The Internal Revenue Service (IRS) has announced an increase in the contribution limit for 401(k) plans in 2025. The new limit is set at $23,500, up from $23,000 in 2024. This change applies to 401(k), 403(b), governmental 457 plans, and the federal government’s Thrift Savings Plan. The announcement was made in a technical guidance issued by the IRS regarding all cost‑of‑living adjustments affecting dollar limitations for pension plans and other retirement-related items for the tax year 2025.
The limit on annual contributions to an Individual Retirement Arrangement (IRA) remains unchanged at $7,000. The catch-up contribution limit for individuals aged 50 and over also remains at $1,000 for 2025. However, the catch-up contribution limit for employees aged 50 and over who participate in most 401(k), 403(b), governmental 457 plans, and the federal government’s Thrift Savings Plan remains $7,500 for 2025. This means that participants in these plans who are 50 and older can contribute up to $31,000 each year starting in 2025.
Under a change made in the SECURE 2.0 Act of 2022, a higher catch-up contribution limit applies for employees aged 60, 61, 62, and 63 who participate in these plans.
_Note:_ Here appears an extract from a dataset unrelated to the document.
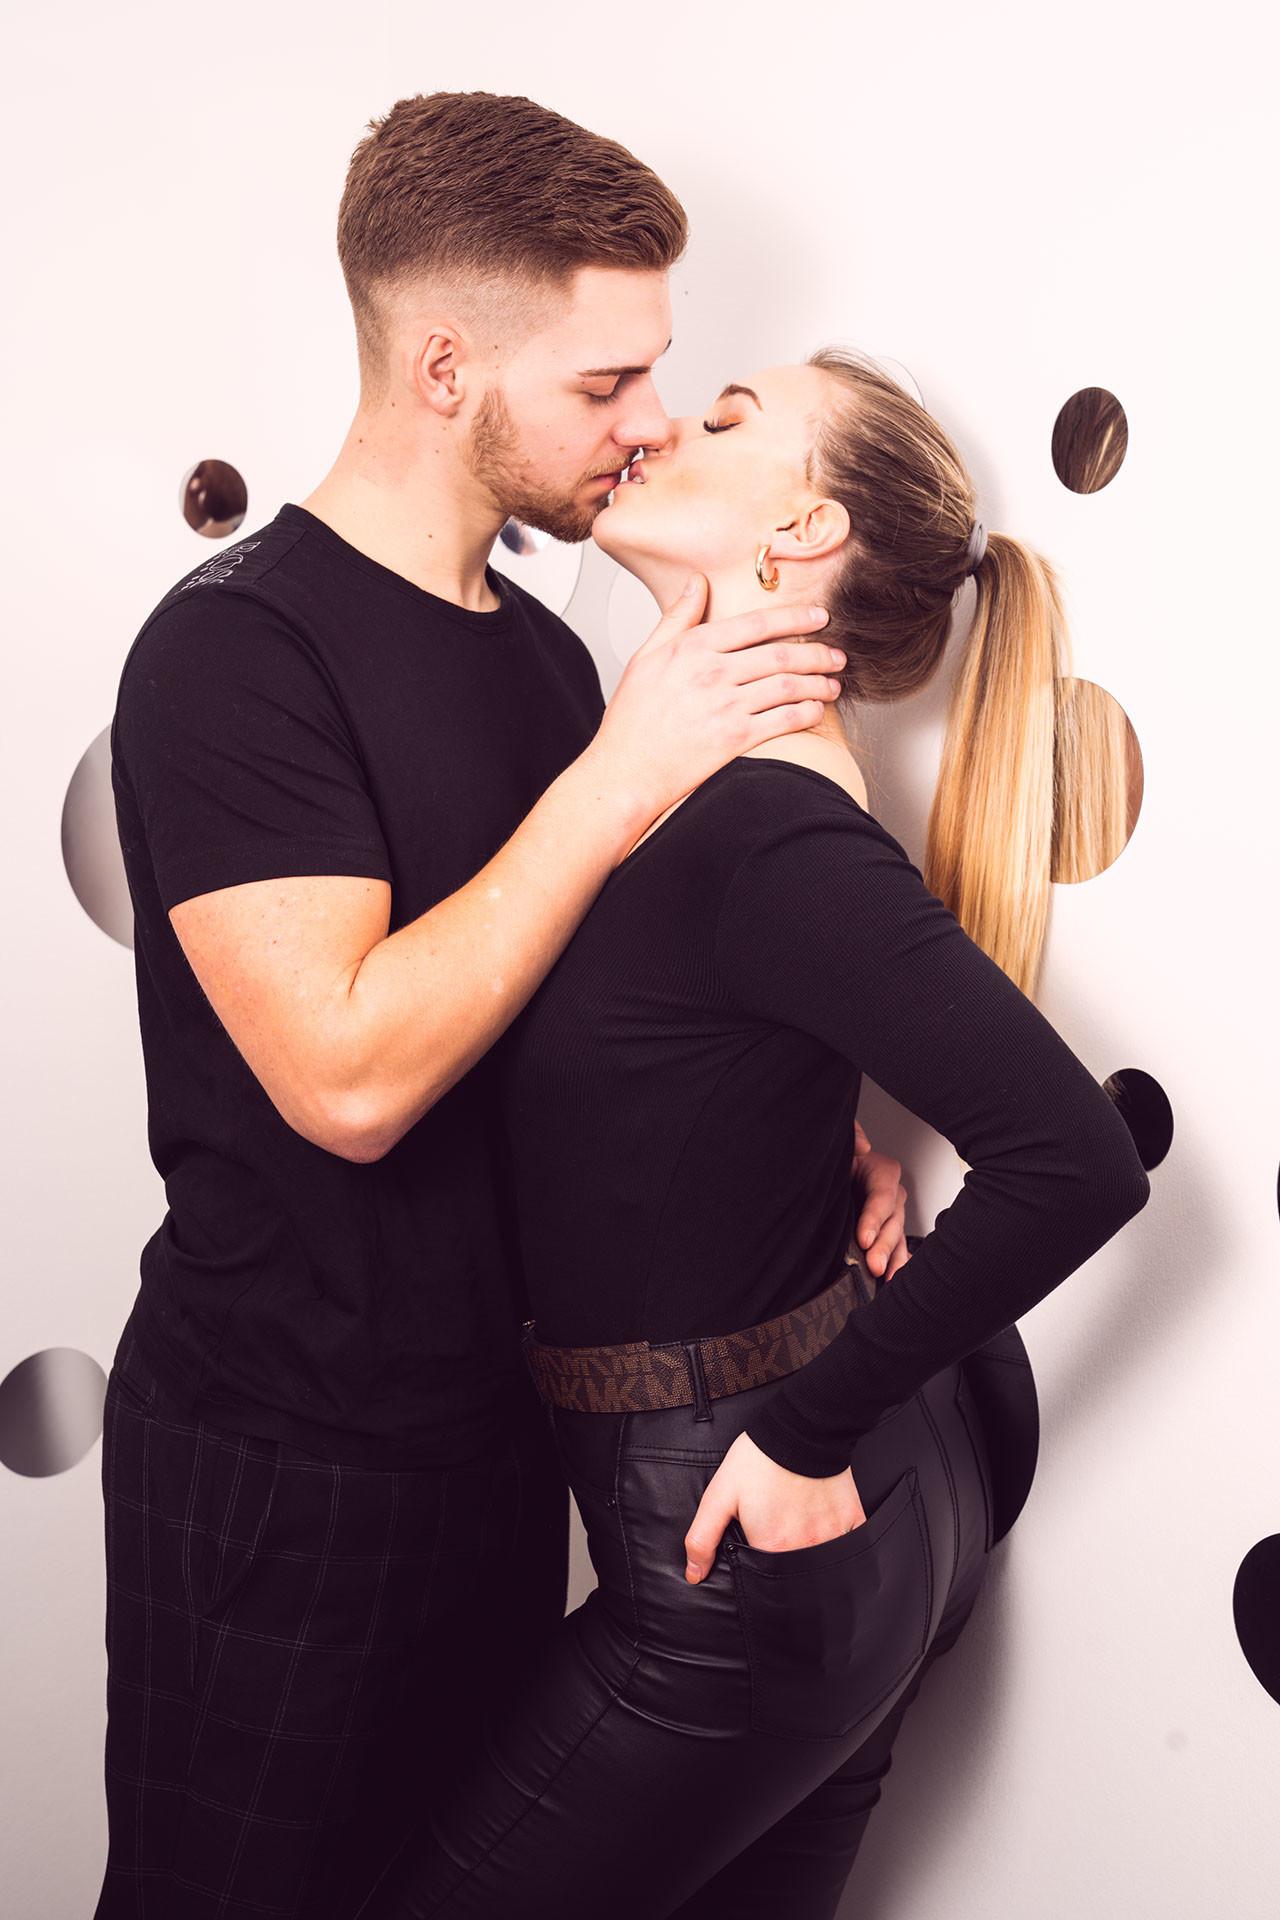 Paarshooting Leipzig - Annabel hat die Hände in den Gesäßtaschen. Tim hält ihren Hals sanft fest und will sie küssen.

For 2025, this higher catch-up contribution limit is $11,250 instead of $7,500. This allows individuals in this age range to contribute a maximum of $34,750 in 2025.
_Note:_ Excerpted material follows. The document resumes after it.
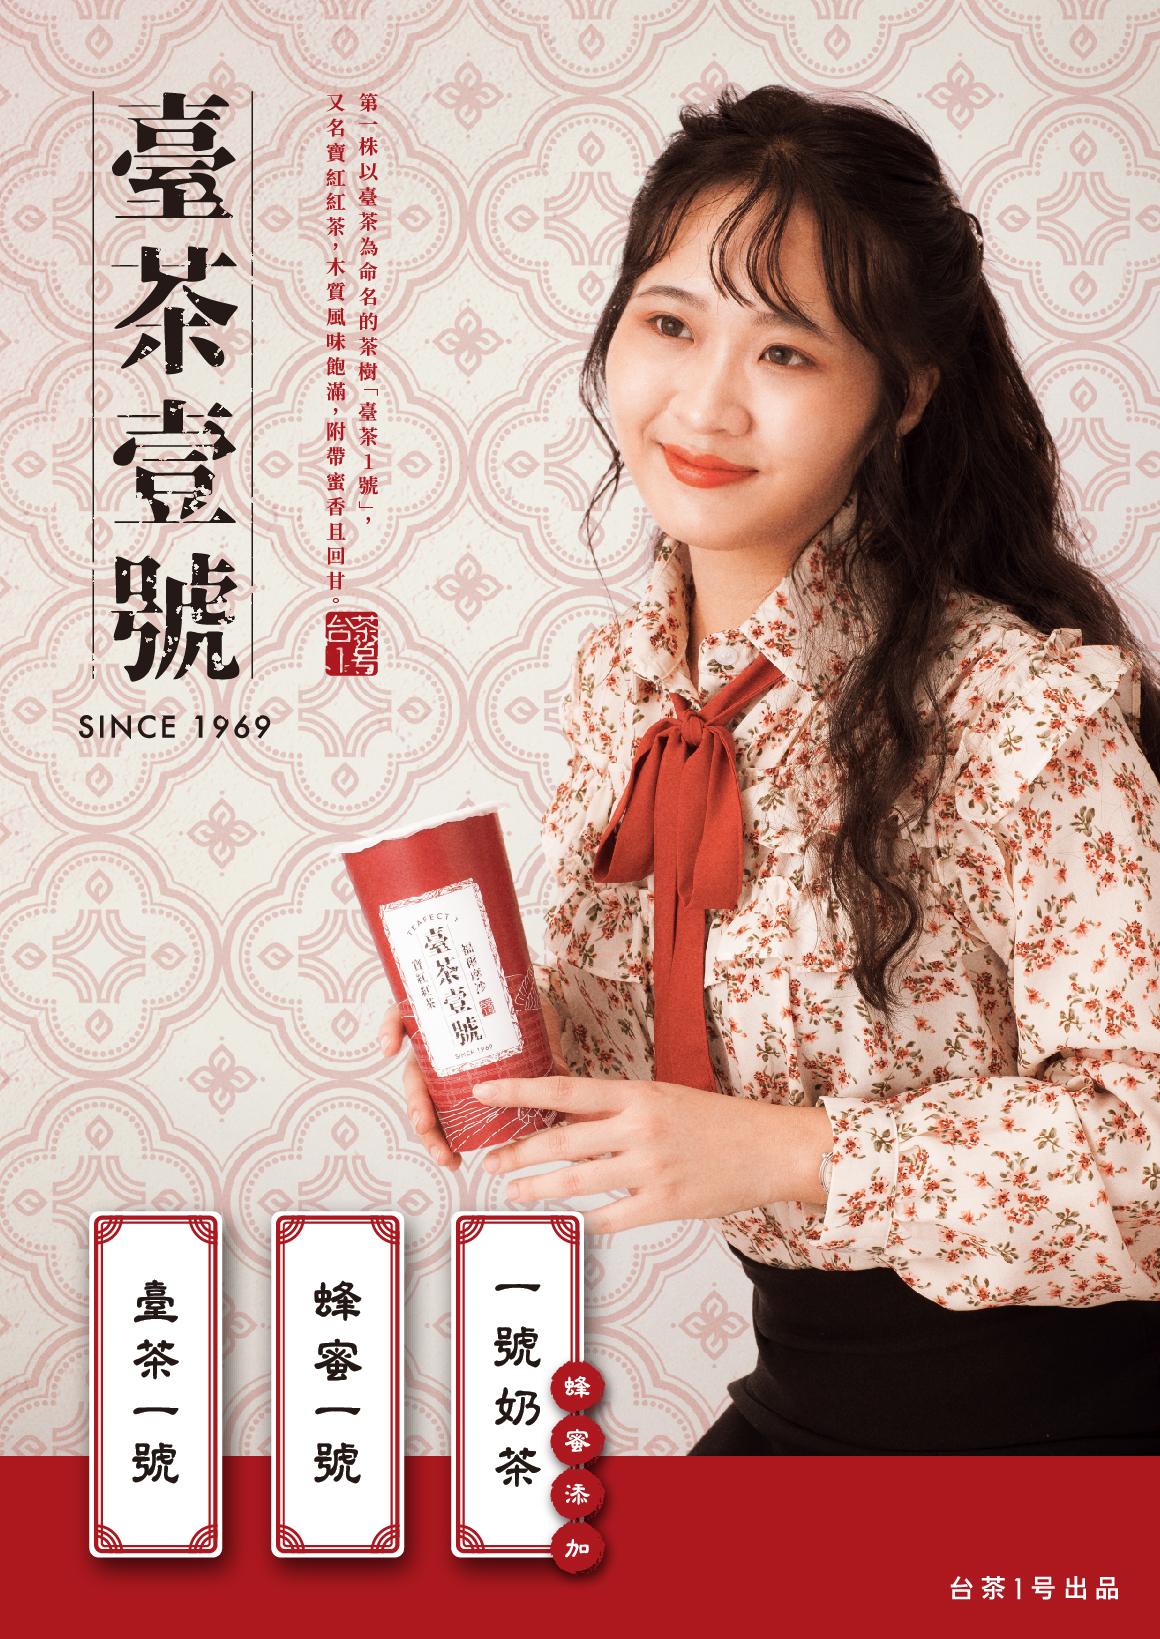 臺茶一號-官網愛貝斯-2

The income ranges for determining eligibility to make deductible contributions to traditional Individual Retirement Arrangements (IRAs), to contribute to Roth IRAs, and to claim the Saver’s Credit have all increased for 2025. According to the IRS, taxpayers can deduct contributions to a traditional IRA if they meet certain conditions. If, during the year, either the taxpayer or the taxpayer’s spouse was covered by a retirement plan at work, the deduction may be reduced or phased out until it is eliminated, depending on filing status and income.